This is not Googlebase
Posted on Wednesday, November 16, 2005
at 7:37 AM (permalink)
This is not Googlebase. This is not a beta. This is not an alpha. This is not an app. This is a screen show. This will be the most actively tested and documented screen show in software history.
I can't blame them for wanting to put something up, but this will not help them. If they leave this up for a long time, people will dismiss it. If they keep dribbling out features like this, people will get angry. I'm already getting angry thinking about wasting time describing what is up now.
My best podcast was with Adam Bosworth describing why Reflex failed and Access didn't. He is too wise to get himself in this type of situation. Yet he apparently has.
Googlebase, Googlebase, Googlebase!
Posted on Wednesday, November 16, 2005
at 7:19 AM (permalink)
It's up. This has to be the first time the launch of a database has gotten people excited since Microsoft Access, another Bosworth effort. I can't wait until Adam is allowed to talk about this. That will be enough to get me podcasting again. (via Alex Barnet)
Ebay drops API limits
Posted on Wednesday, November 16, 2005
at 7:15 AM (permalink)
We'll see how long Google holds out against the competitive pressure to open up their search API limits.
If you love tags, set them free
Posted on Tuesday, November 15, 2005
at 6:51 PM (permalink)
It's clear from this morning's SSA session that control is going to be the key friction point between users and providers of a tagging system. I was struck by the way the knowledgebase and database guys immediately hit on the looseness of tags as a weakness of a folksonomy. Well, yeah, of course they're loose, that's where the "folks" come from. It is this looseness, which creates a tag cloud around a concept. That cluster of words can be just as useful (or even more) than the web objects they point to.
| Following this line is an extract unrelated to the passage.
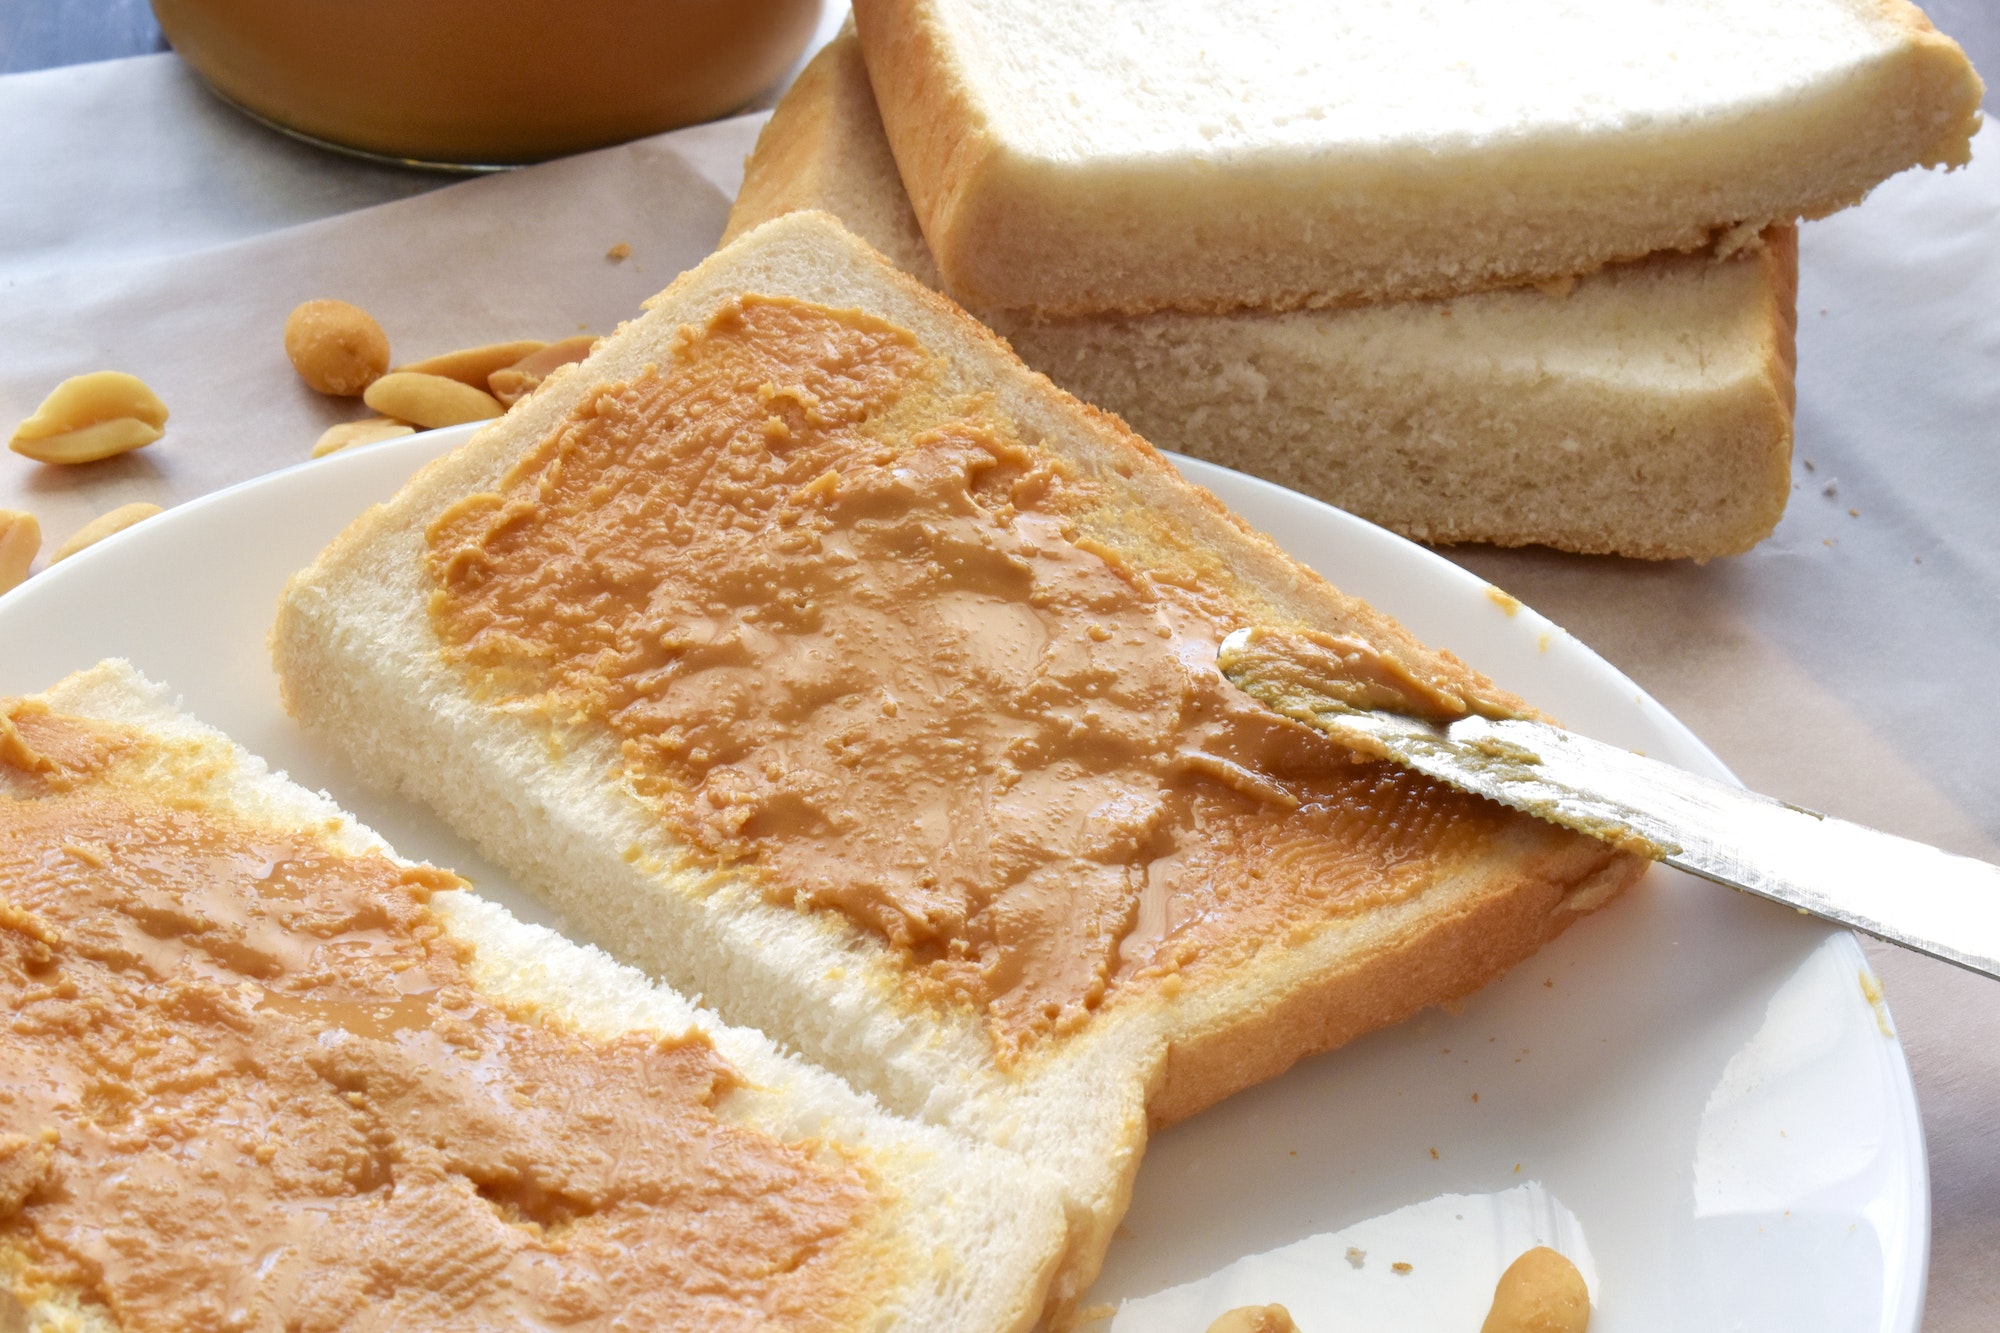 Peanut butter sandwich on a white plate.

Google has convinced advertisers and the financial markets that a large text stream, such as Google search, is extremely valuable, so it would follow that a tag stream would be more valuable, because tags are more concentrated. A freely growing tag cloud can help advertisers find the magic words that users associate with their world. I was impressed by the wisdom of Jashua Schachter's comments that he wouldn't put constraints on the way users named tags. Now that I've thought about it for a few weeks, I agree. As soon as you try manipulating the tag stream you change it in unknown ways. I think there needs to more education of the public on the difference between categorizing databases and tagging systems. We can agree to allow both to exist for different purposes.
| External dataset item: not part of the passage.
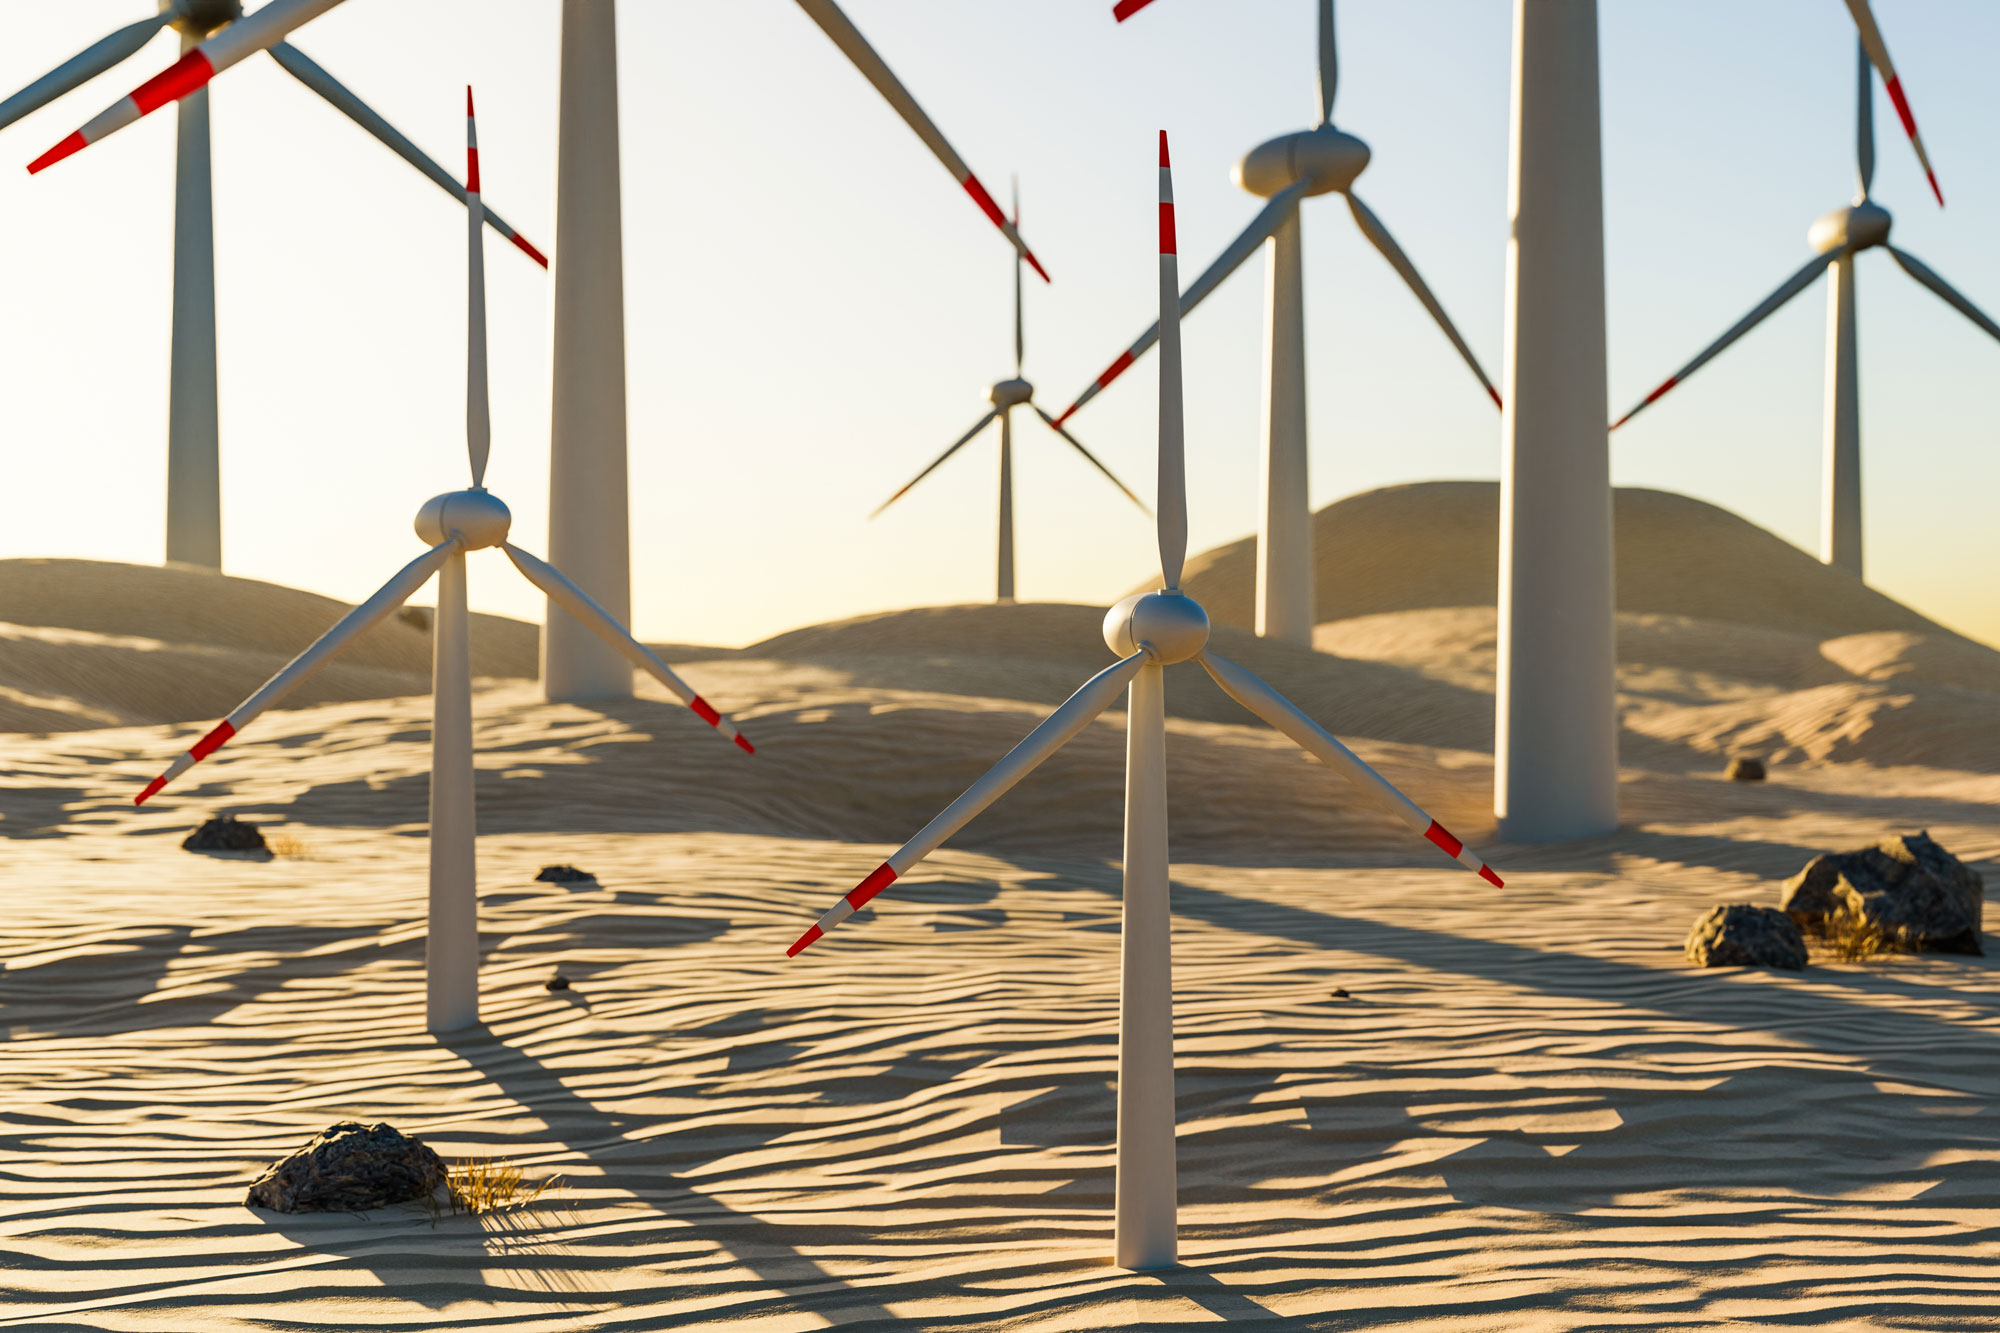 Wind Farm with Wind Turbines in a desert

Besides, allowing variation within a collection of tags makes evolution of the language possible. As users get better at tagging there can be an open breeding ground of new tags and compound tags. Losing this rich potential is not justified in exchange for more consistency.
I was right, Google maps are easy
Posted on Tuesday, November 15, 2005
at 6:48 AM (permalink)
I got a chance to read over the Google Maps API documentation last night, and it looks like my guess that it would be easy is correct. I can see why so many map mashups have appeared. I should have my first one working within a few hours of starting to code, which will hopefully be tonight after I get back from the SSA.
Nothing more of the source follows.